3 Ways to Help Loved Ones with Senior Isolation
There are many ways you can help your aging loved one emerge from social isolation:
1. Re-engage in community-based activities
First, make sure they’re able to get around the city easily. Help them access public transportation like BART, private taxis, or disability car services. You can also arrange a driving schedule with family members or if the person has the financial resources, hire a home aid to assist. Explore fun things to do in San Francisco together: this could be joining a senior discussion group, or helping them find a new hobby in the city. In addition, you can encourage your loved one to get involved in senior volunteer work, lifelong learning programs, or participate in local exercise groups like martial arts or water sports.
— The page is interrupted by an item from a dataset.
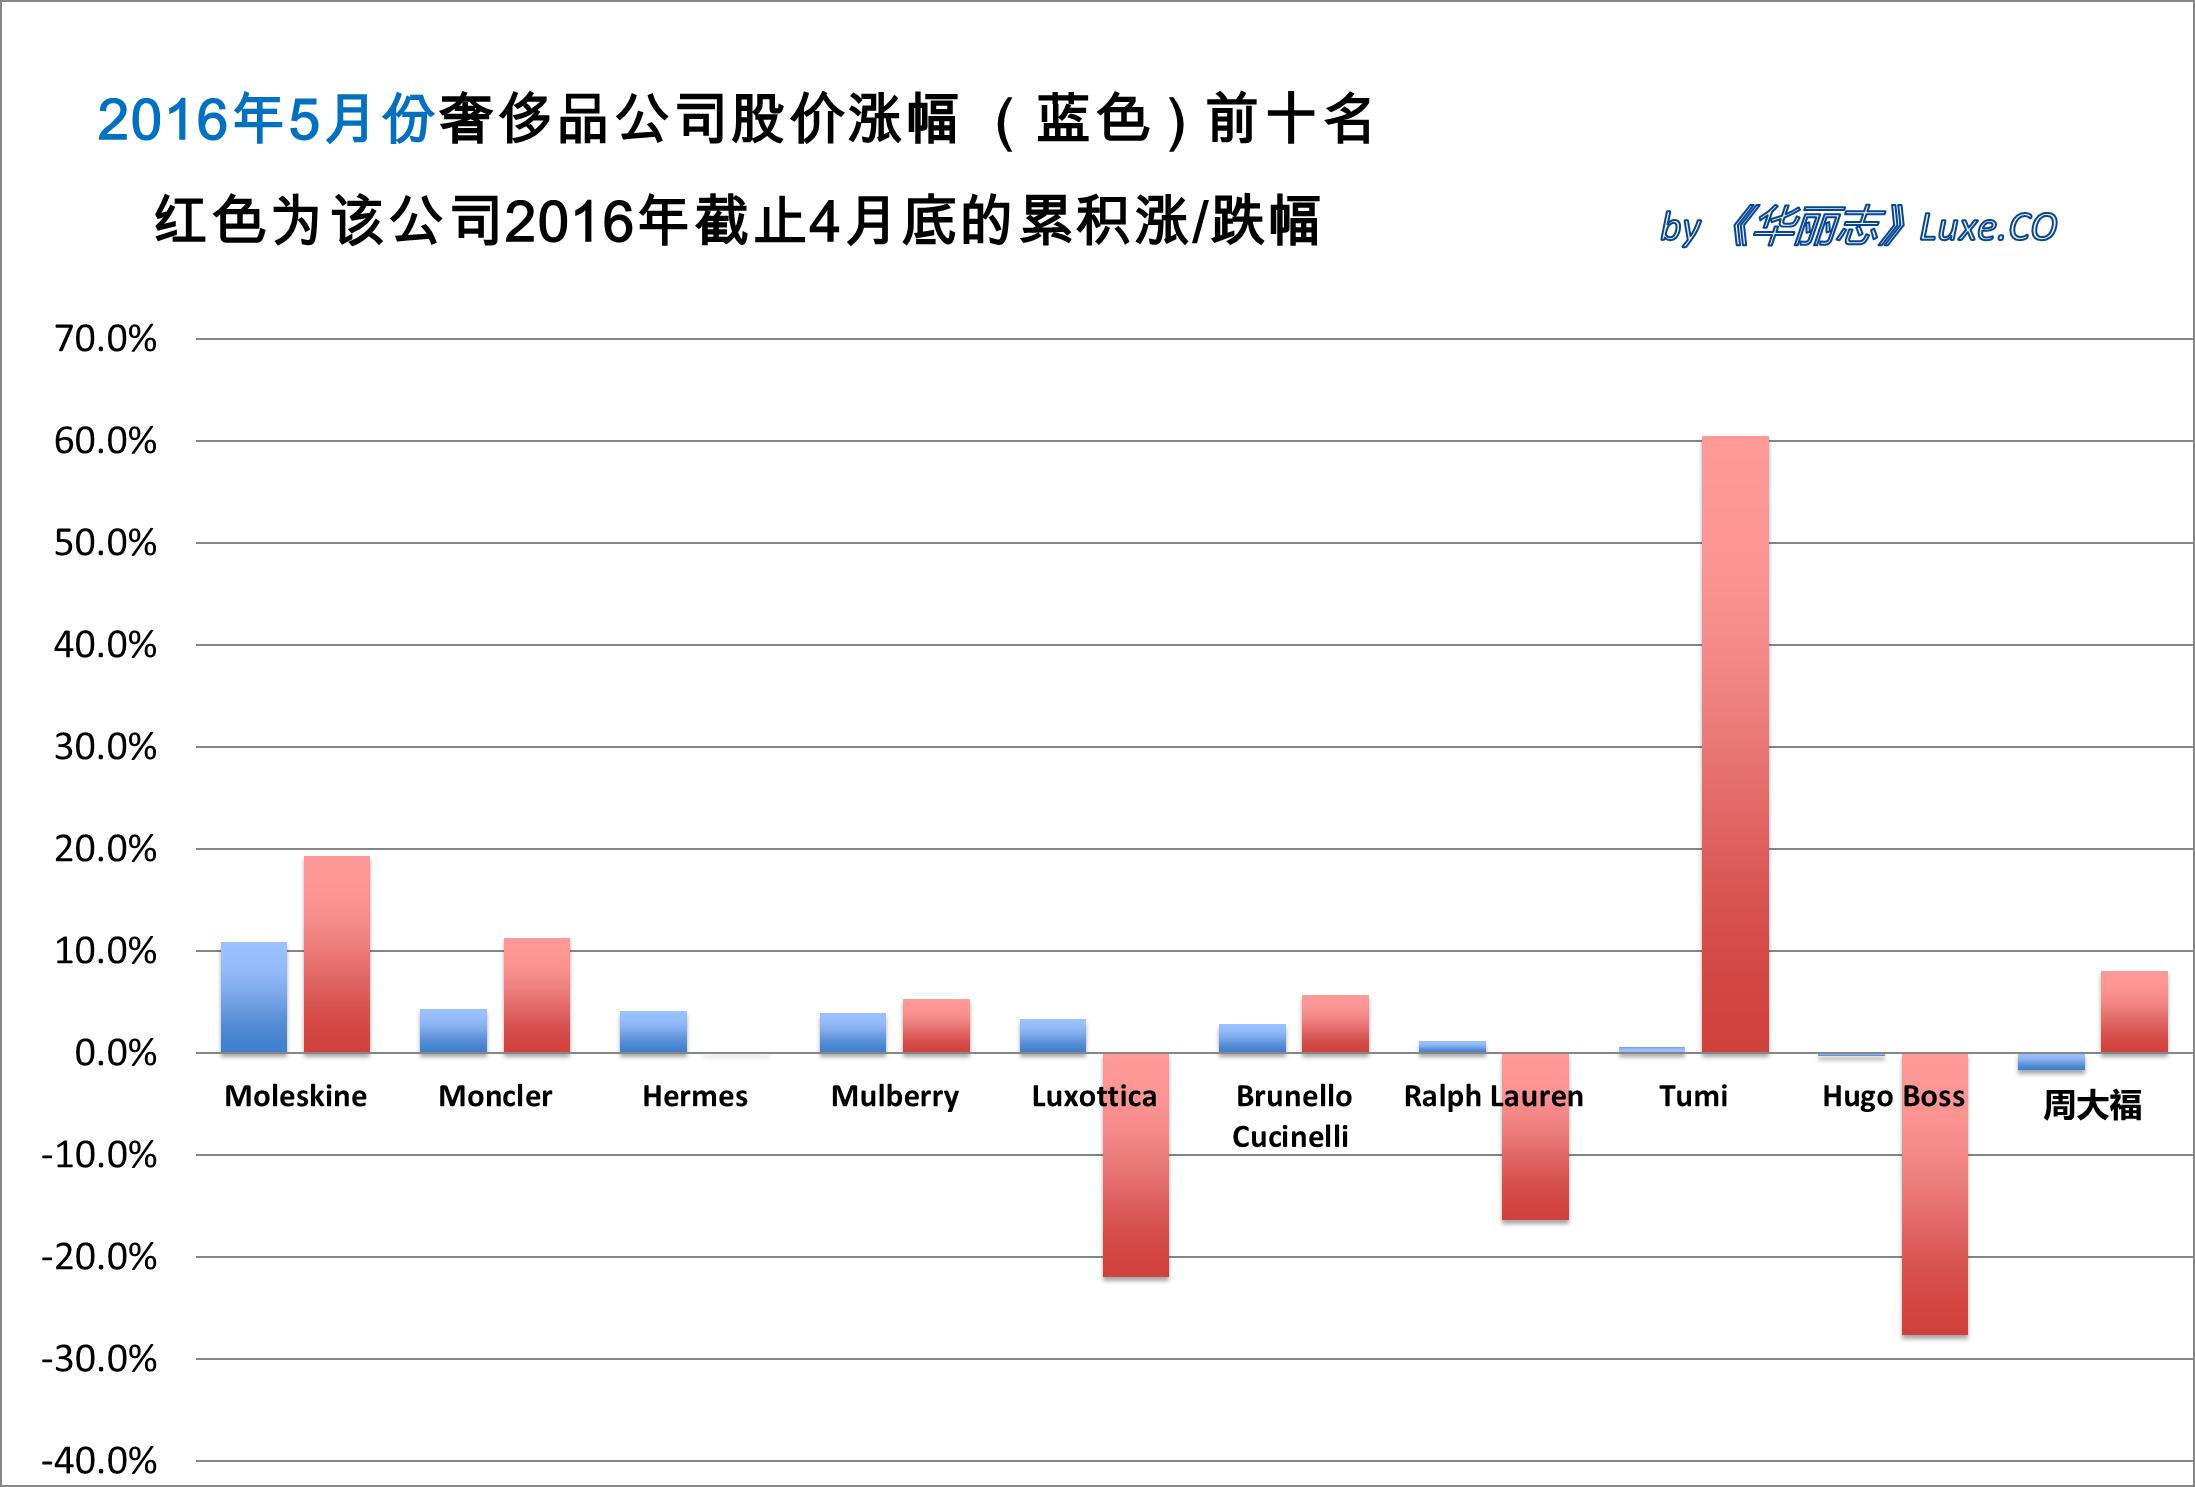 《华丽志》奢侈品股票月度排行榜(2016年5月)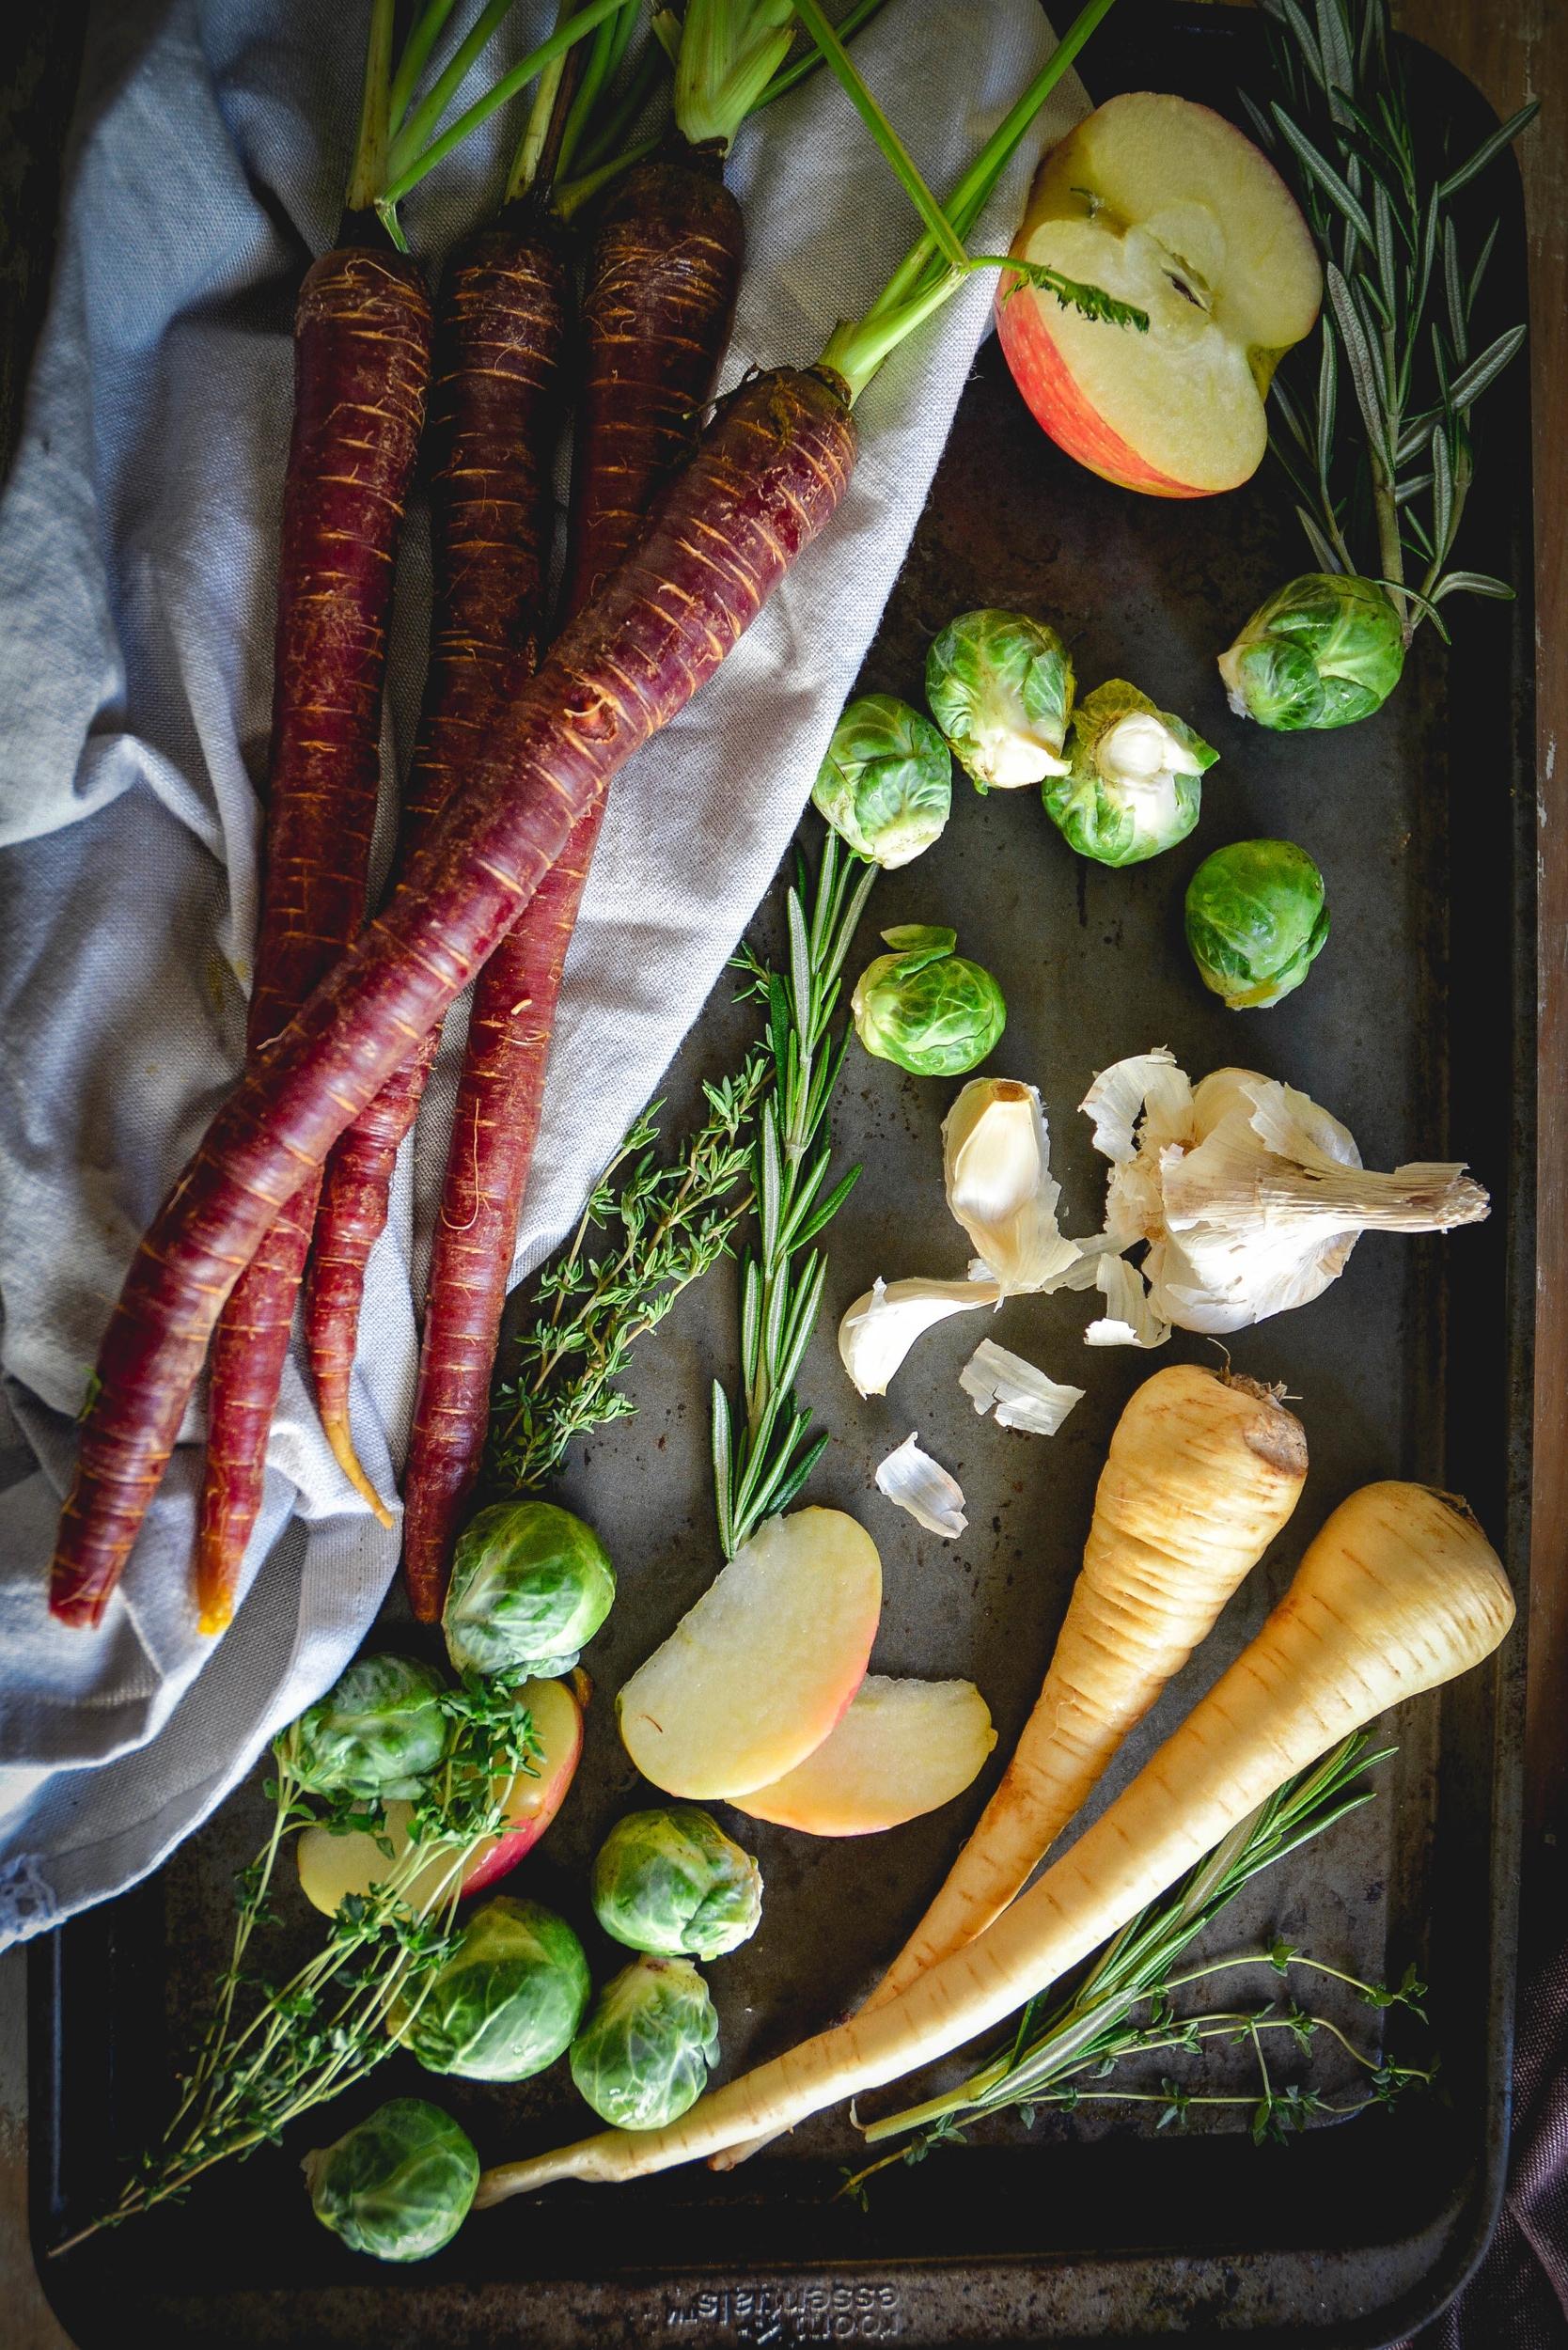 veggies for roasting (1 of 2).jpg

Setting up a few fun social activities will give them structure and something to look forward to.
2. Increase quality time with family
Spending time with family (or, likewise, close friends) can make all the difference when your aging loved one is suffering from isolation, especially after the loss of a spouse—family members have the power to help their loved grieve their loss as they stay connected with family and friends. Connections bind us to life. . Spend time cooking or eating meals as a family, or out at restaurants for a treat. Bring along any grandkids. They do not have to “try to lift your loved one’s spirits,” they simply need to be themselves, which is a reminder that life goes no. Similarly, pets are great mood-boosters, and also known to reduce feelings of isolation. Whether your family likes going to church, playing cards, or walking in the park, schedule a regular family activity for everyone to enjoy.
3. Treat mental and physical health issues
Health problems can cause isolation, as well as make it worse—so it’s critical to get both issues under control. Many older adults have physical disabilities that might be causing isolation, but could easily be improved with the help of a simple device like a hearing aid, walker, glasses, or other assistive device. Remember that many people resist speaking openly about their needs because they do not wish to be perceived as needy or old. Older adults who need additional help with mobility might benefit from having a home aid to provide companionship or transportation. For older adults suffering from mental illness, depression, or anxiety, talking with a professional therapist or the compassionate volunteers at IOA’s Friendship Line can be extremely helpful.
Ultimately, senior isolation is just as serious as any physical illness—and it can have numerous adverse effects on your aging loved one’s quality of life. Thankfully, there are many simple steps caregivers and family members can take to help their loved one reengage with their family and community—and continue to live a life of purpose and fulfillment. . And because socialization has so many health benefits, your loved one’s renewed energy will hopefully continue to further fuel their engagement. Whether it’s joining a local social program, exercising with a group, or talking with a therapist, there are ways to help your aging loved one reconnect with life.